Para Jesucristo las grandezas humanas no son el soporte de los valores espirituales. No serán los honores, las riquezas materiales y los bienes temporales las características de un cristiano auténtico; sólo podrá identificarse con Él quien viva con la certeza que "la auténtica grandeza del discípulo está en ser el último como Servidor fiel".
En un mundo de tantas pretensiones y apariencias, el cristiano debe convertirse en un predicador eficaz del Evangelio mediante una vida ejemplar, esto implica que su persona debe transpirar a Jesús. Todos sus actos y su vida deben gritar que pertenece a Jesús. Su quehacer es imagen real de una vida evangélica.
En síntesis: “Todo nuestro ser debe convertirse en una predicación viva, en un reflejo de Jesús, en un perfume de Jesús, algo que grite Jesús, que haga ver a Jesús, que resplandezca como una imagen de Jesús”. Esto sólo podrá lograrse cuando tengamos los mismos sentimientos de Cristo Jesús. A propósito nos dice San Pablo: “Tengan entre ustedes los mismos sentimientos de Cristo Jesús. Él, que era de condición divina, no consideró esta igualdad con Dios como algo que debía guardar celosamente: al contrario, se anonadó a sí mismo…“ (Fil, 2,5-7)

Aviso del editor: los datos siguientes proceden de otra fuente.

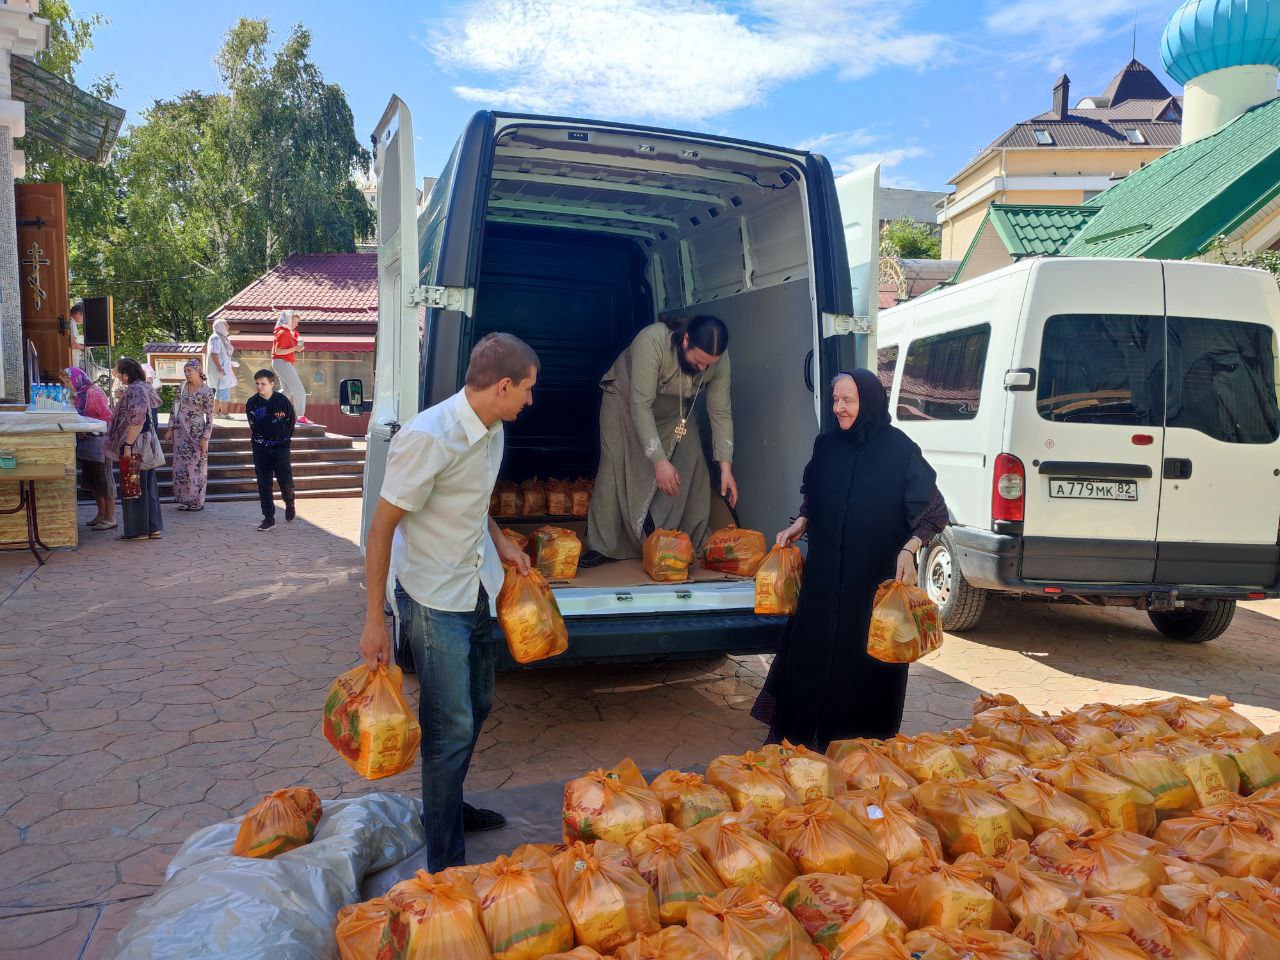 Свято-Троицкий женский монастырь города Симферополя передал 600 продуктовых наборов более чем на 4 тонны для мирных жителей в зоне конфликта

Quien es capaz de abandonarse en las manos de Dios y de entregar desinteresadamente lo mejor de sí al servicio de los demás, en especial a los pobres y afligidos, ha comprendido que su nobleza y felicidad verdaderas radica en su “confianza inquebrantable en Dios y en triunfo de su Reino” y en servir a los demás al estilo de Jesús, el Señor.